> Work instructions: In your copy, leave out the pictures; write out all the data exactly.

> Data:

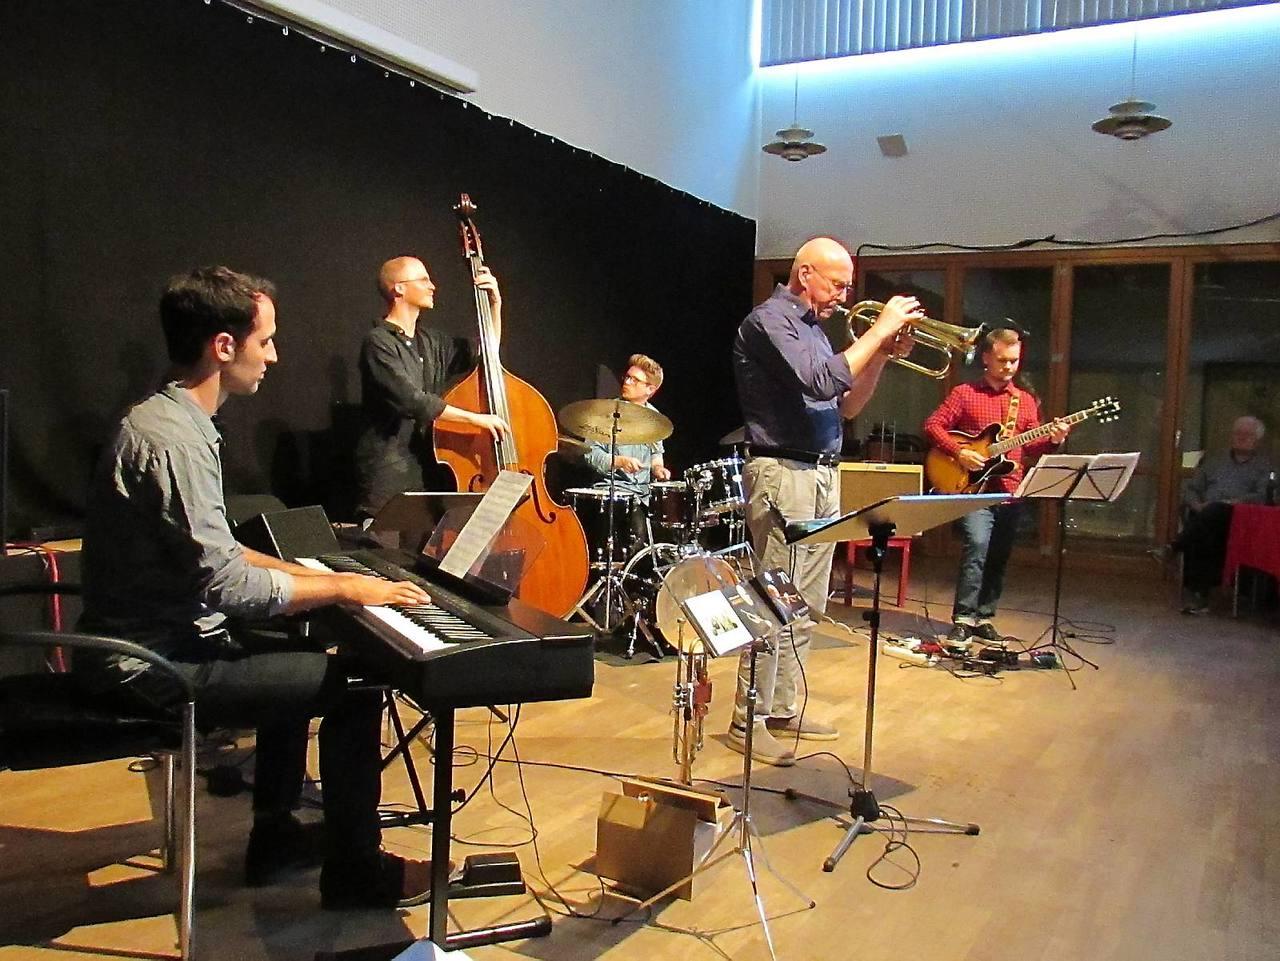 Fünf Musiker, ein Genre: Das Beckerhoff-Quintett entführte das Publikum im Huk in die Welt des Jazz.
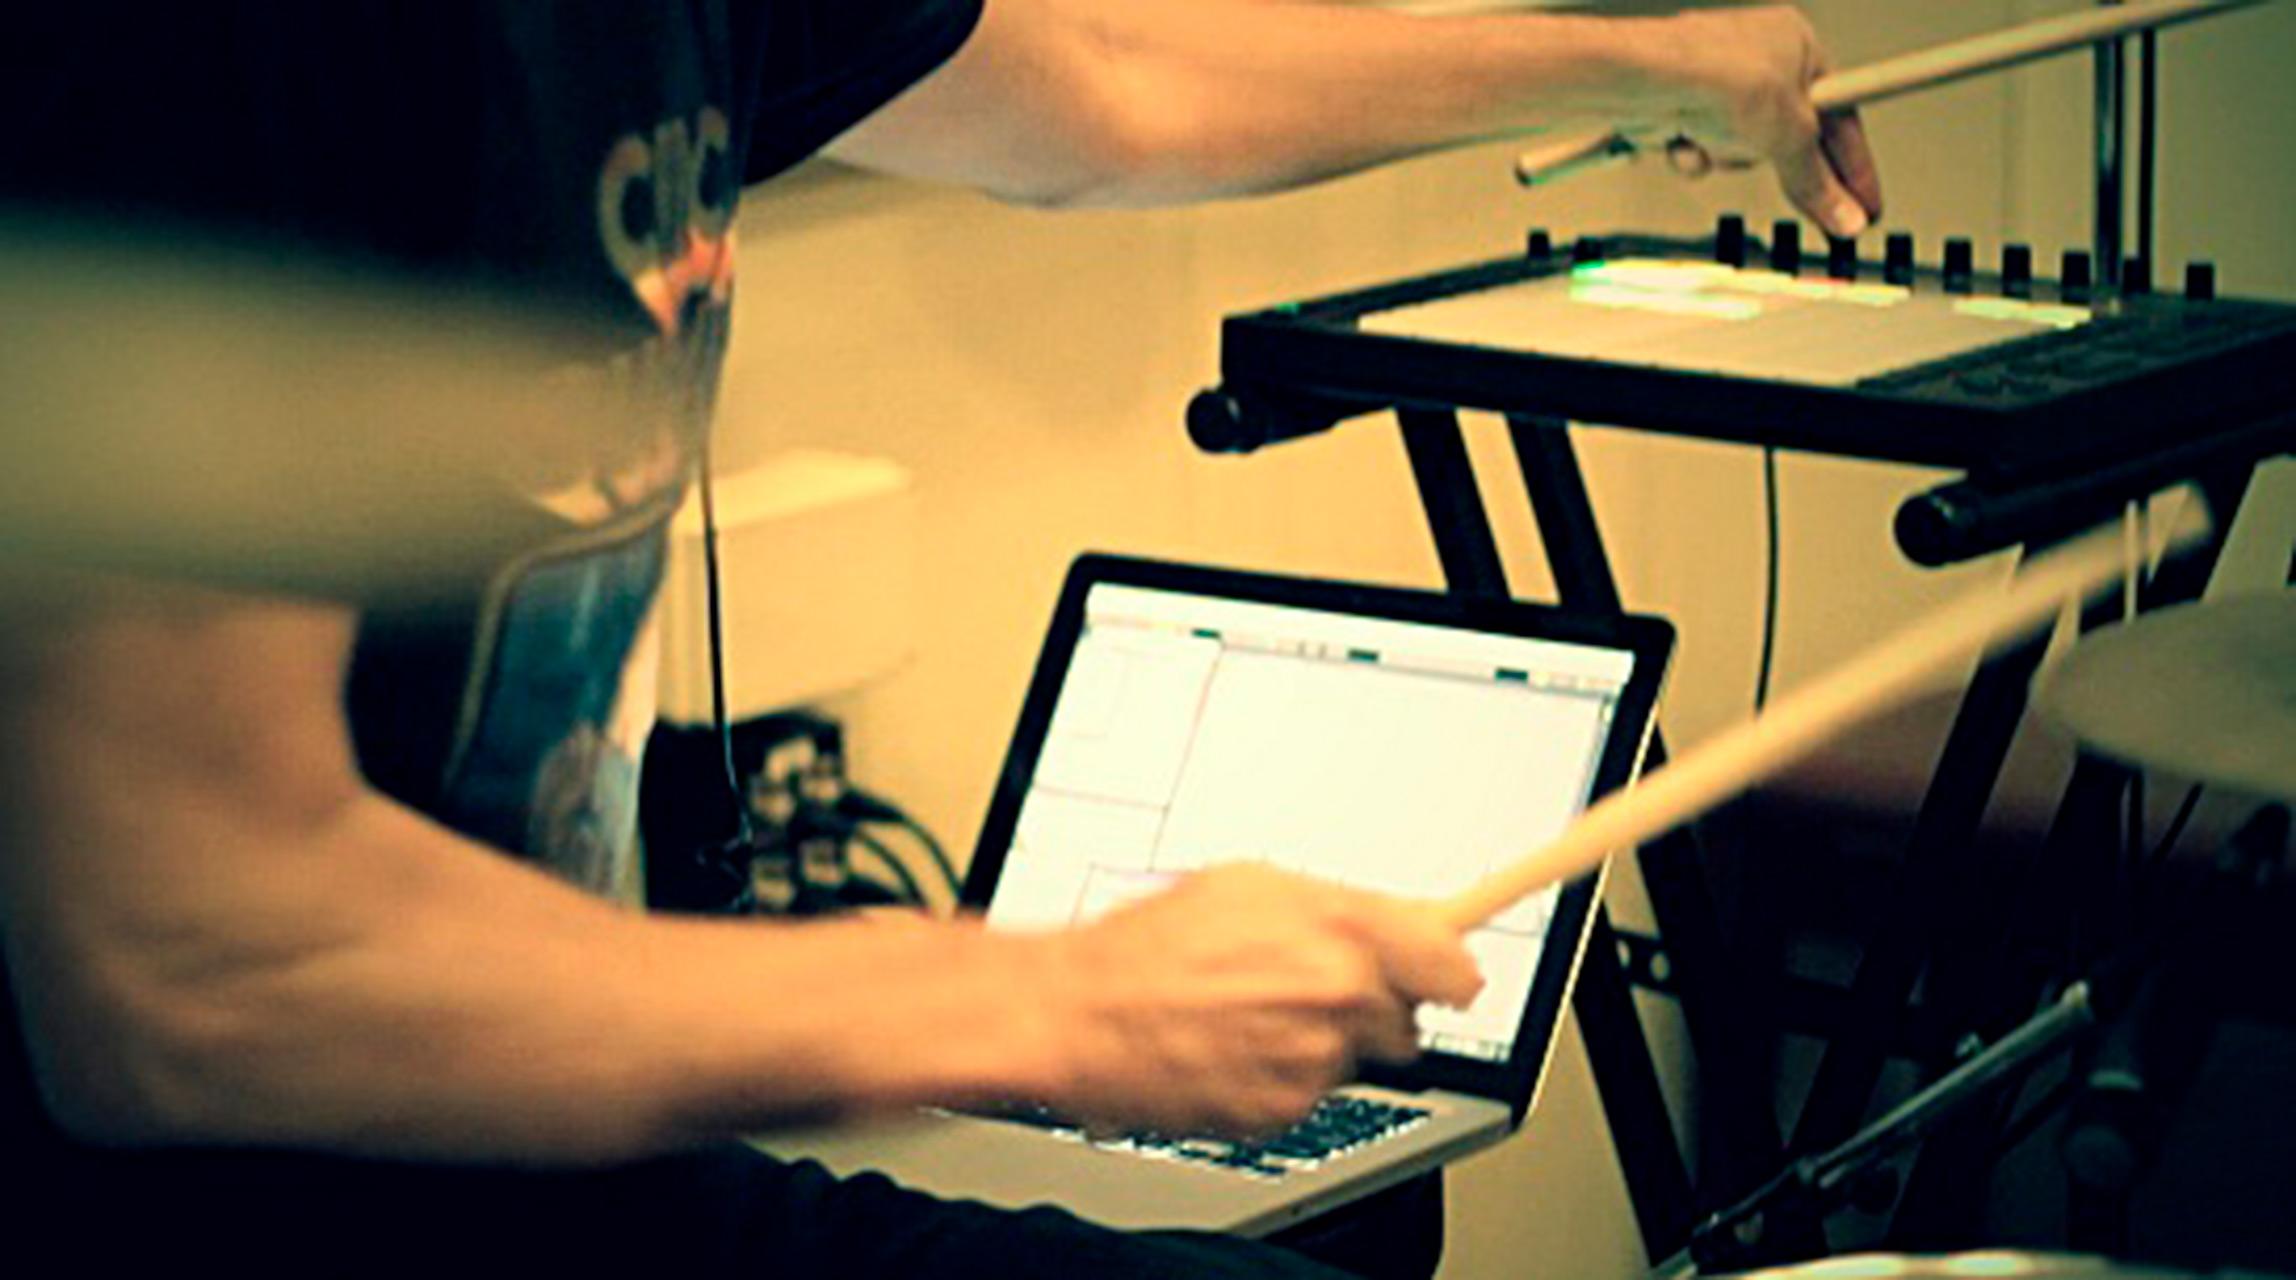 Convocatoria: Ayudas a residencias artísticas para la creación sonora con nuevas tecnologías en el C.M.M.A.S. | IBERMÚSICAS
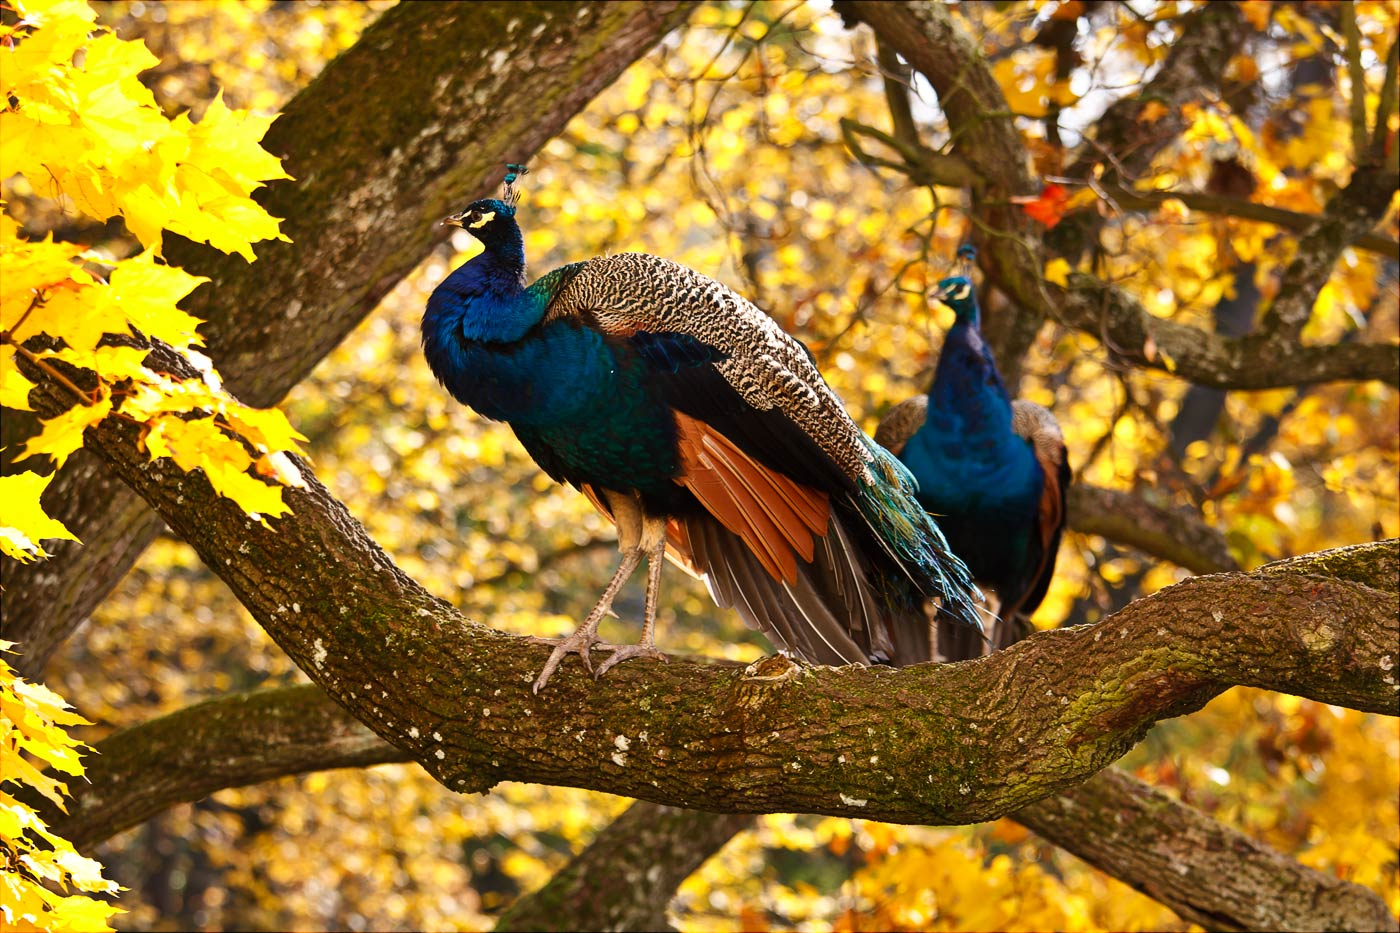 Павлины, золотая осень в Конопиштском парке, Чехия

> Finished task:
 Fünf Musiker, ein Genre: Das Beckerhoff-Quintett entführte das Publikum im Huk in die Welt des Jazz.
 Convocatoria: Ayudas a residencias artísticas para la creación sonora con nuevas tecnologías en el C.M.M.A.S. | IBERMÚSICAS
 Павлины, золотая осень в Конопиштском парке, Чехия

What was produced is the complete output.